Part 3 Chapter 24 Last verified 2026-06-14 Fresh

Observability: Seeing What the Agent Did

Observability is four instrumentation surfaces stacked on one ground truth — the session-log transcript. Logging persists it, OpenTelemetry GenAI conventions trace it, attribution ties a diff back to it, and cost-surfacing shows the price. The chapter holds two boundaries — attribution is a provenance hook not an approval gate, and surfacing a cost number is not modeling the economics.

Volatility: feature-surface

Tools compared: claude-codecross-tool

On this page

Four surfaces over one ground truth
Logging: two records, two retention stories
OpenTelemetry GenAI conventions as the substrate
Attribution is the provenance hook, not the approval gate
Surfacing cost at three altitudes — surfacing is not modeling
Quick reference
Practice

Before you start: ch21's frame — observability is the 'see' surface, downstream of an eval target. ch23 scores whether a run was correct; this chapter only records what ran. Vol 1's permission model is assumed; the oversight workflow on top of it is ch26.

You will learn

Why observability is four surfaces over one ground truth — the session-log transcript — and why everything else derives from it
The two retention stories in logging — the local 30-day sweep versus the SDK’s external mirror — and why conflating them loses run history
Why you instrument to the OpenTelemetry GenAI convention, not a vendor schema — and why those names are still moving
The two boundaries that keep the surface honest: attribution is a provenance hook, not an approval gate, and surfacing a cost number is not modeling the economics

ch21 placed observability as the see surface: once an eval defines what “good” means, observability shows what actually happened against it. This chapter takes that surface apart. The thesis is that all of agent observability is four instrumentation surfaces stacked on one ground truth — the session log — and that getting the layering right (what is the record, what derives from it, and what each derived surface does and does not claim) is the whole discipline. Two of those surfaces are easy to over-read, so the chapter spends its honesty budget keeping their boundaries crisp.

Four surfaces over one ground truth

An agent run produces exactly one authoritative record, and everything you later want to see is a different view of it. Claude Code writes a session transcript for each run — “every message, tool call, and tool result” [Official] Explore the .claude directory · AnthropicT1-official original — as a per-session JSONL file, by default under ~/.claude/projects/, one JSON-safe object per line. [Official] Explore the .claude directory · AnthropicT1-official original That transcript is the ground truth. It is not a summary, not a dashboard, not a metric — it is the literal sequence the agent emitted and received, persisted to disk.

The other three things people mean by “observability” — tracing, attribution, cost-surfacing — are not separate sources of truth. They are surfaces derived from that one log, or pointers back to it. A trace re-renders the run as spans; an attributed commit points back to the run that produced it; a cost figure is computed from the tokens the run consumed. So “what did the agent do?” is, in order, first a logging question (is the transcript captured and kept?), then a tracing / attribution / surfacing question (how do I view it, link to it, and price it?). Skip the log and the other three have nothing underneath them.

Logging: two records, two retention stories

The single most common logging error is treating “the transcript” as one thing. There are two records, with two different retention owners, and conflating them is how teams lose run history they assumed was safe.
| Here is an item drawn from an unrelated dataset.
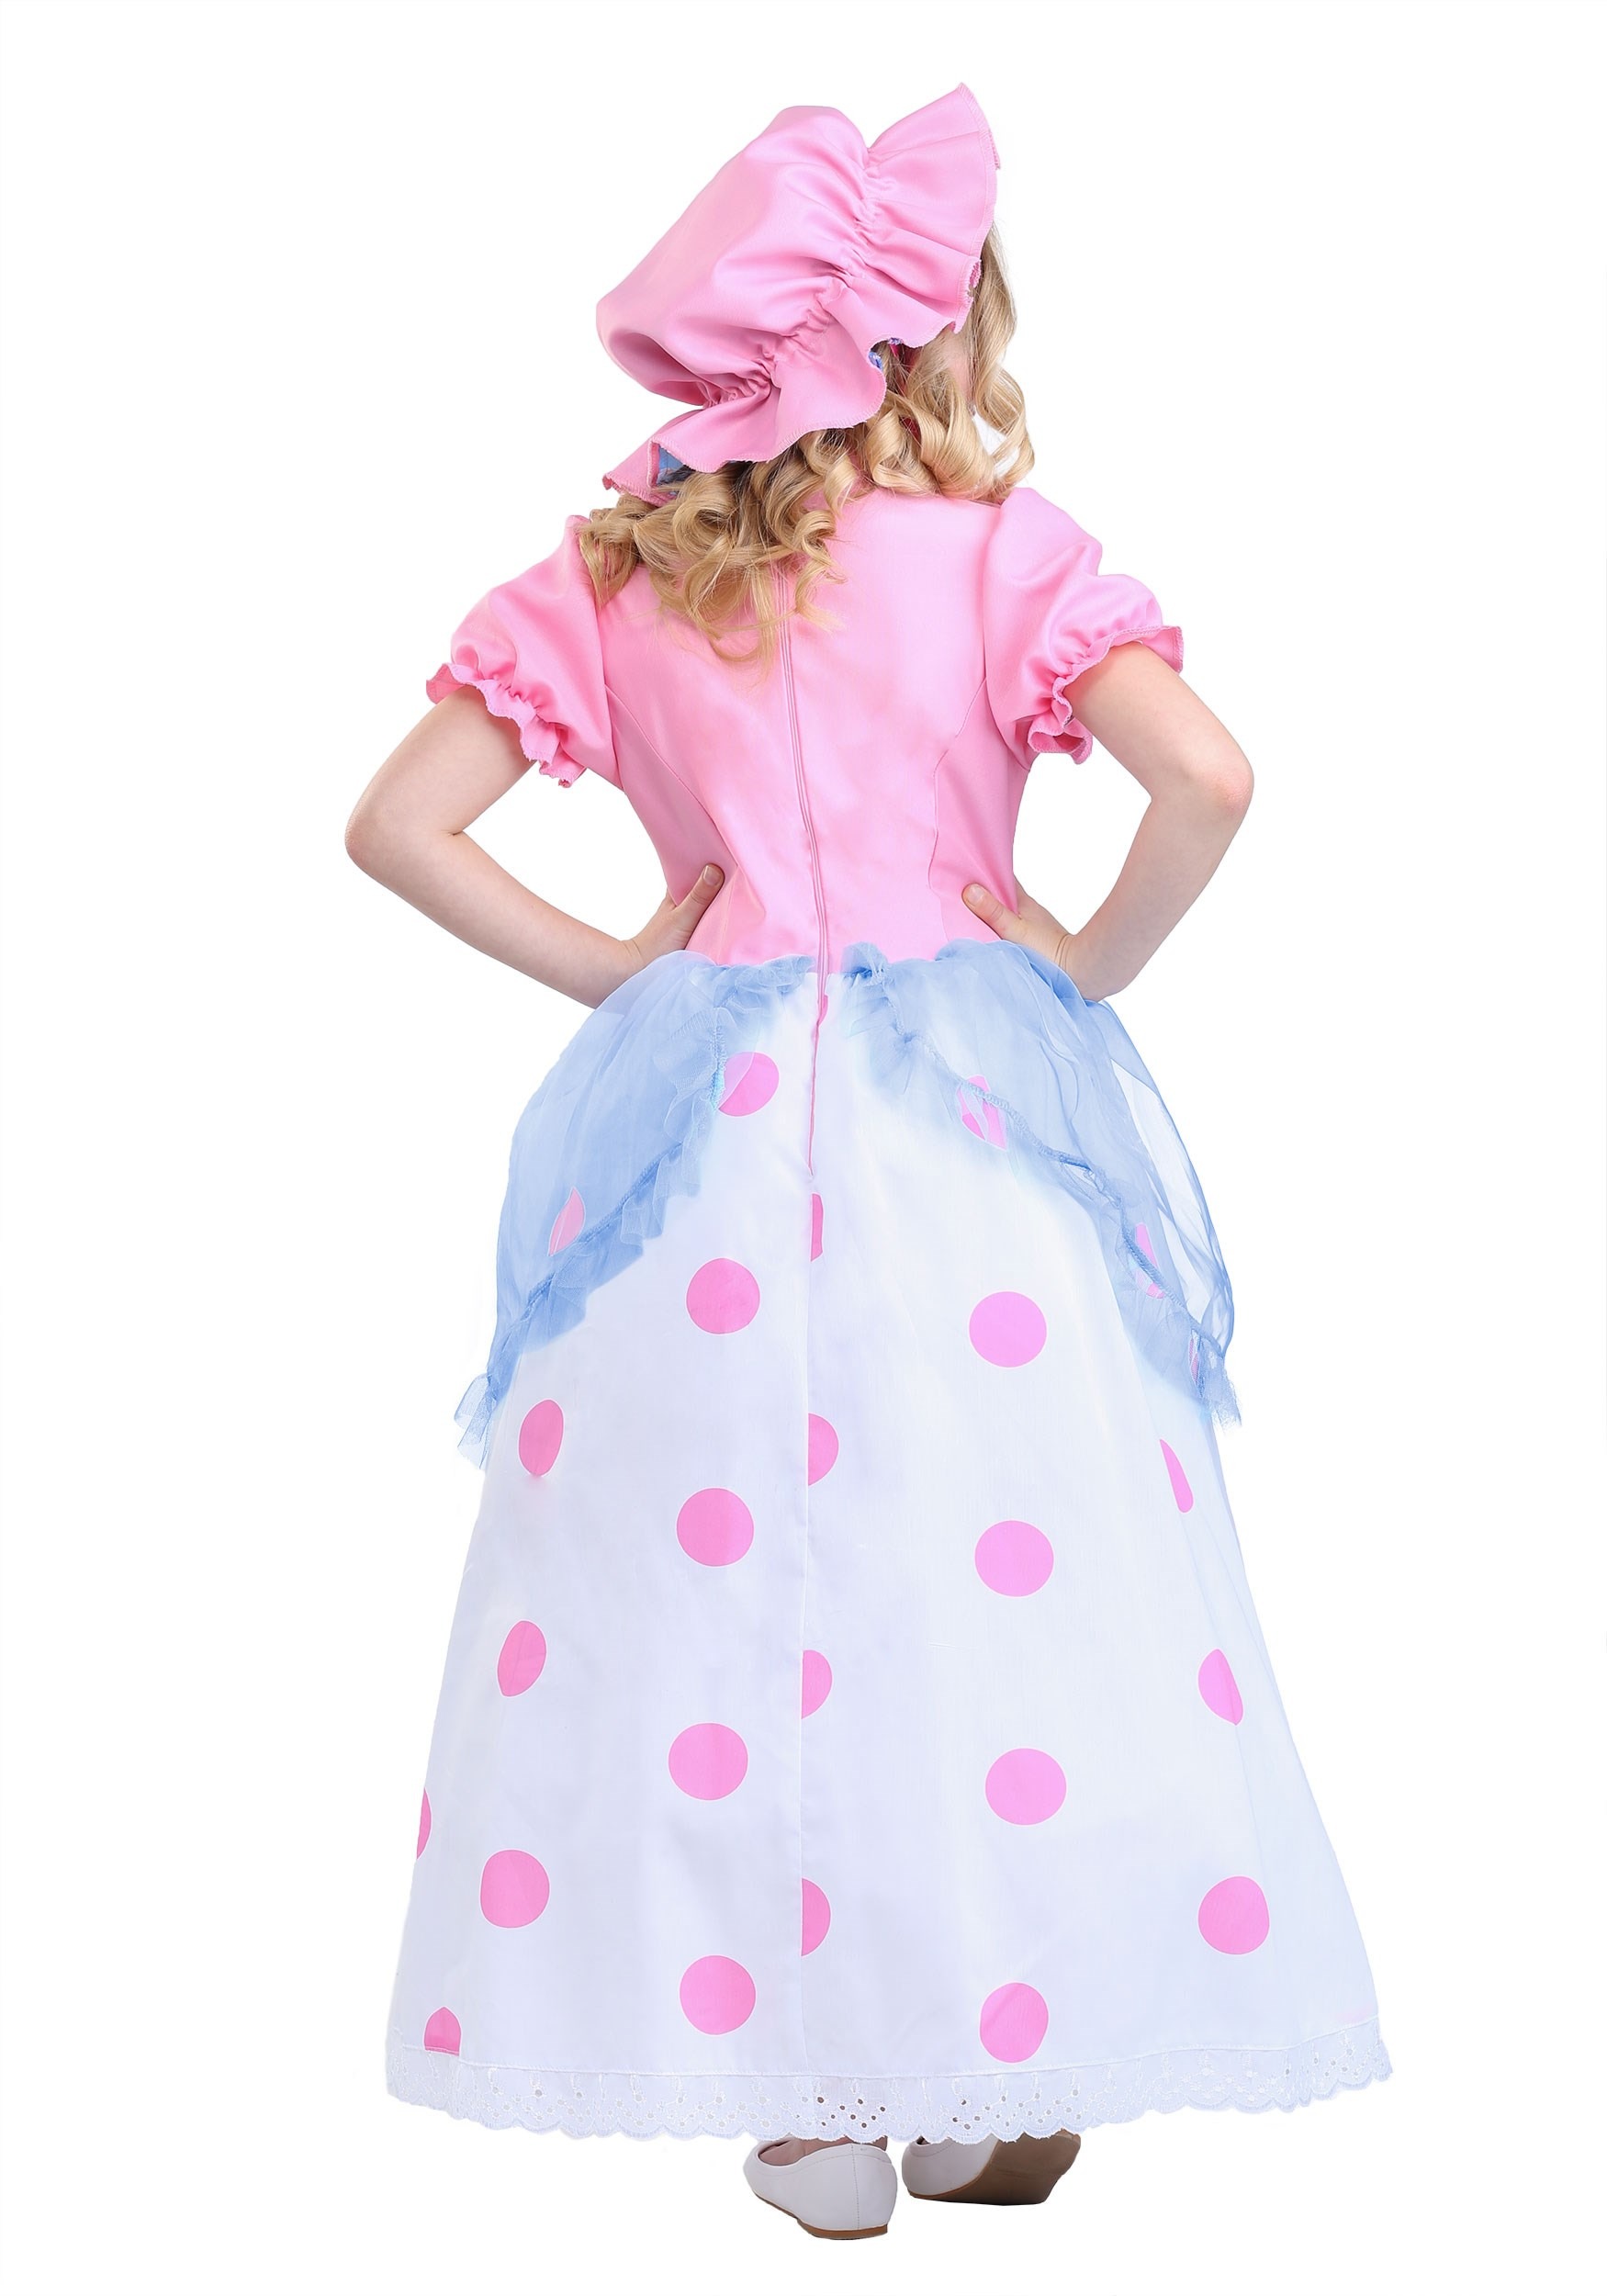 Little Bo Peep Costume For Girls

The first is the CLI local record: the JSONL files under ~/.claude/projects/. These are swept automatically — the cleanupPeriodDays setting deletes local transcript files older than a threshold whose “default is 30 days.” [Official] Explore the .claude directory · AnthropicT1-official original That sweep is a feature, not a bug: it keeps a developer’s disk from filling with months of transcripts. But it means the local files are not a durable archive. Run history older than the window is gone unless something else kept it.

The second is the SDK record. From the Agent SDK, transcripts are still written to JSONL by default, but the SessionStore interface lets a deployment mirror those entries — “JSON-safe objects, one per line in the local JSONL” [Official] Persist sessions to external storage · AnthropicT1-official original — to external storage such as S3, Redis, or a database. The retention of that mirror is the adapter’s responsibility, not Claude Code’s. So a production deployment that needs durable run history cannot lean on the local files and their 30-day sweep; it must mirror via SessionStore and own the retention itself.

OpenTelemetry GenAI conventions as the substrate

When you trace an agent — turn the transcript into spans and metrics a backend can query — the design question is which vocabulary do you instrument to? The answer is a vendor-neutral convention, not a vendor-specific schema.

Claude Code exports three OpenTelemetry signals — “metrics as time series data via the standard metrics protocol, events via the logs/events protocol, and optionally distributed traces” [Official] Monitoring · AnthropicT1-official original — and in the trace tree, “each user prompt starts a” [Official] Monitoring · AnthropicT1-official original claude_code.interaction root span, with API calls, tool calls, and hook executions as its children. Crucially, the per-LLM-request span’s attributes align to the “OpenTelemetry GenAI semantic convention.” [Official] Monitoring · AnthropicT1-official original That alignment is the whole point: Claude Code’s span tree is one realization of a standard the spec defines independently.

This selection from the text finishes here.